CN101853661A

CN101853661A - Noise spectrum estimation and voice mobility detection method based on unsupervised learning

Info

Publication number: CN101853661A
Application number: CN201010178166A
Authority: CN
Inventors: 应冬文; 颜永红; 付强; 潘接林
Original assignee: Institute of Acoustics CAS
Current assignee: Institute of Acoustics CAS
Priority date: 2010-05-14
Filing date: 2010-05-14
Publication date: 2010-10-06
Anticipated expiration: 2030-05-14
Also published as: CN101853661B

Abstract

The noise power Power estimation and voice mobility detection method that the present invention relates to a kind of based on unsupervised learning,Include the following steps: the log-magnitude feature 1) for voice signal on each frequency point,Establish a GMM model; 2) for one section of voice data,M frame buffer is set,Preceding M frame input signal is stored in caching,The log-magnitude spectrum of M frame in caching is extracted,The GMM model for substituting into step 1) is initialized,The model λ 0 initialized,k; 3) in the model λ 0 initialized,After k,Since M+1 frame,Using the method for incremental learning,GMM model is updated frame by frame,Successively recursion obtains

, and obtain noise figure

With probability of occurrence of the voice signal on k-th of frequency point of the i-th frame. The present invention is the tight coupling solution of Power estimation and voice mobility detection, can enhance voice application system to the adaptability of noise circumstance; The present invention independent of " noise starting " it is assumed that also, the present invention description of the voice mobility on time-frequency two-dimensional space can also be provided.

Description

Noise spectrum based on unsupervised learning is estimated and the voice mobility detection method

Technical field

The present invention relates to the voice process technology field, specifically, the present invention relates to a kind of noise power spectrum and estimate and the voice mobility detection method based on unsupervised learning.Wherein, voice mobility detection is to judge the algorithm whether voice occur on time dimension, and it can answer existence with the form of "Yes" or "No", also can describe the existence of voice with the voice probability of occurrence.

Background technology

Most voice application system is had in the face of ambient noise interference.Forefathers have proposed a lot of methods and have removed the interference of noise to voice system, and nearly all method all depends on voice mobility detection and noise power spectrum is estimated.These two modules exist contact closely, and their accuracy directly influences the whole noiseproof feature of system.Traditional solution exists following several problem:

1. in general anti-noise algorithm, it is the loose coupling of a cascade that voice mobility detection and noise power spectrum are estimated, the mobility of first computing voice is come the estimating noise power spectrum according to mobility then.The voice mobility detection device directly influences the accuracy that noise power spectrum is estimated to the sensitivity of voice signal.The voice mobility detection device is too responsive, causes underestimating of noise power spectrum easily; Otherwise, too blunt, cause over-evaluating of noise power spectrum easily.Therefore, often need to regulate the sensitivity of speech detector in the traditional scheme, the adaptability of noise circumstance is brought influence to system according to noise circumstance.

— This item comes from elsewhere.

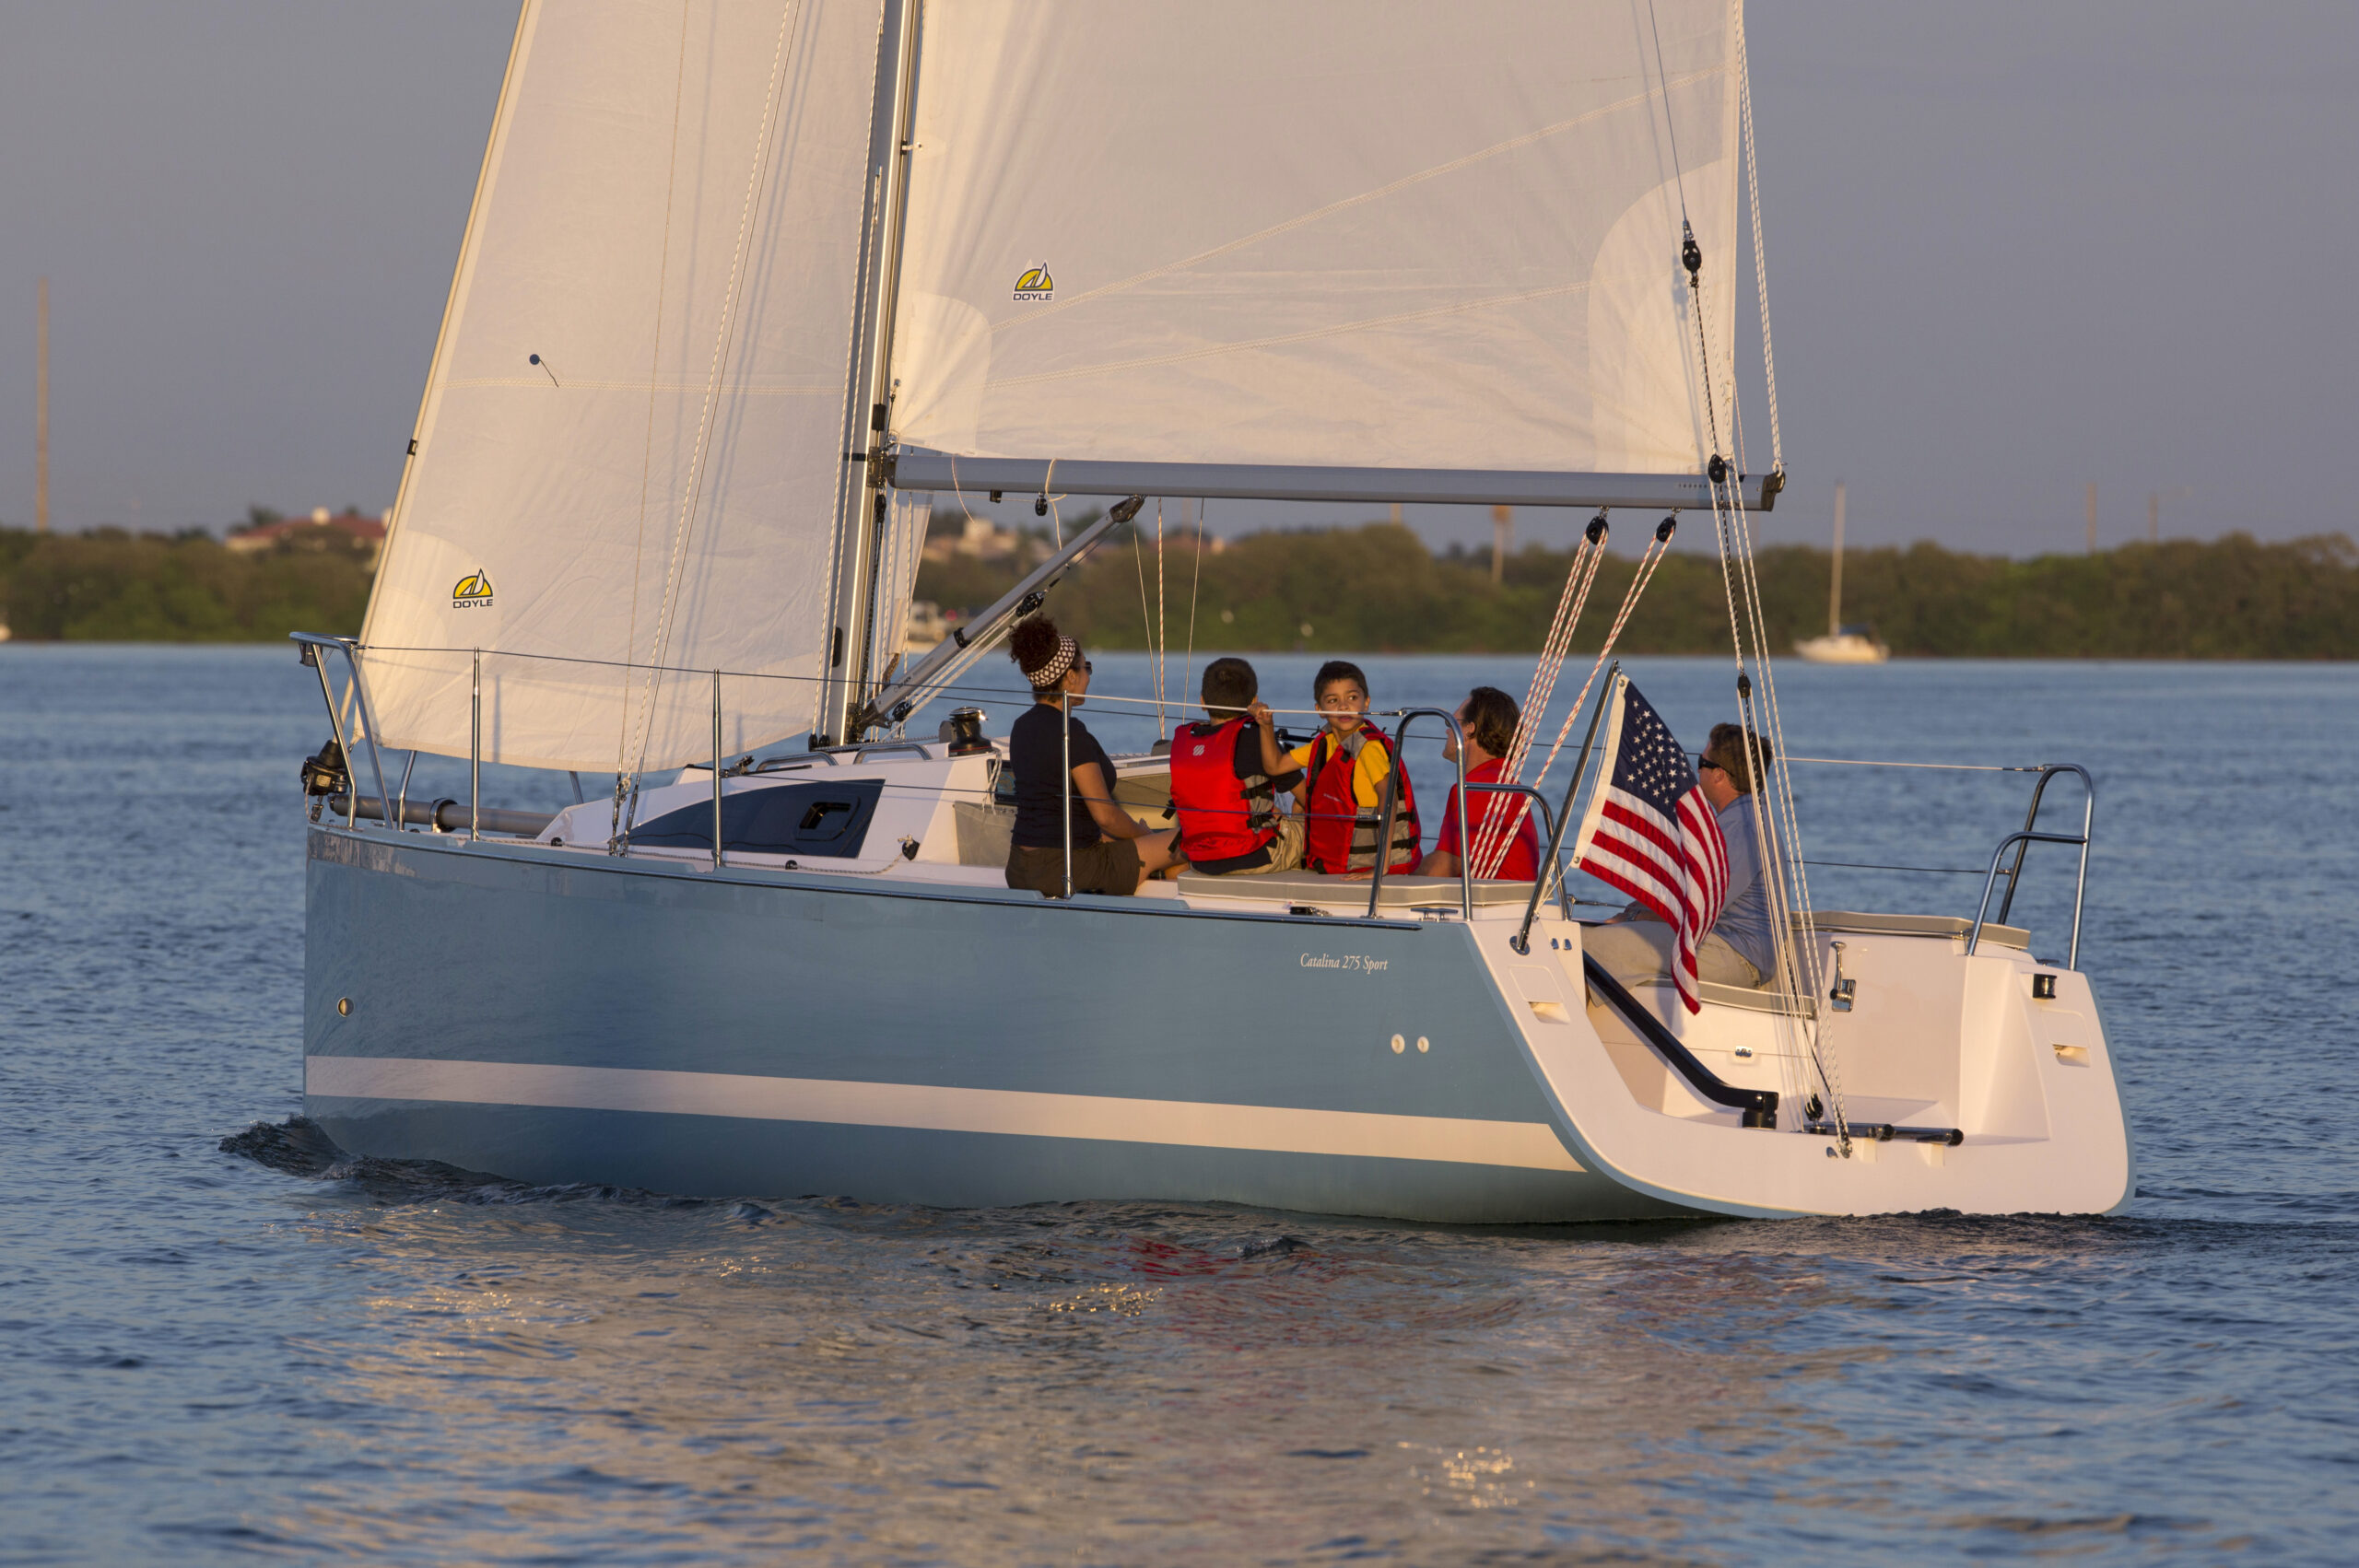 Catalina 275 Sport sailing in St. Pete, FL.

2. traditional solution is based on the mode of semi-supervised learning.At initial period, general system need make the hypothesis of " noise is initial ", supposes that promptly always there is one section non-speech audio in the beginning of sentence.This section non-speech audio can be understood as the ground unrest sample of artificial mark, sets up the initialization model of noise from these mark samples, and this is a kind of supervised learning method.Its defective is: this hypothesis is difficult to be met in some applications, such as starting with voice signal when sentence, will cause the initialization failure of noise model so, and it is all inaccurate to make speech detection and noise power spectrum estimate then.Follow-up phase after setting up the initialization model of noise, traditional solution adopt detection and results estimated to come more new model mostly, and this learning method is towards decision-making, and it is a kind of study of non-supervision.This learning method towards decision-making, with the output result of estimation/detecting device, the back coupling feedback is used for more new model.But it feeds back to model with incorrect result easily, causes the precise decreasing of model, and model further causes the precise decreasing estimating/detect.Wrong like this along with the time is progressively accumulated, system performance also can be along with the time progressively descends.Supervised learning in initial period adds the unsupervised learning in the follow-up phase, has formed a semi-supervised learning process.Two problems in initial period and follow-up phase all are because the mode of this semi-supervised learning causes.

3. most of voice mobility detection devices in the past only provide the description of voice mobility on time dimension, lack the description of voice mobility on the frequency domain dimension, therefore can't carry out further process of refinement to noise.

Summary of the invention

The present invention is directed in the past the voice mobility detection device and the shortcoming of noise power spectrum estimator, a tightly coupled solution has been proposed, make voice mobility detection and noise power spectrum estimate under a unsupervised learning framework, to obtain unification, thereby strengthen the adaptability of voice application system noise circumstance.In addition, this invention does not rely on " noise is initial " and supposes that practicality is stronger than traditional method; Simultaneously, the present invention also provides the description of voice mobility on time frequency space, helps noise is carried out further process of refinement.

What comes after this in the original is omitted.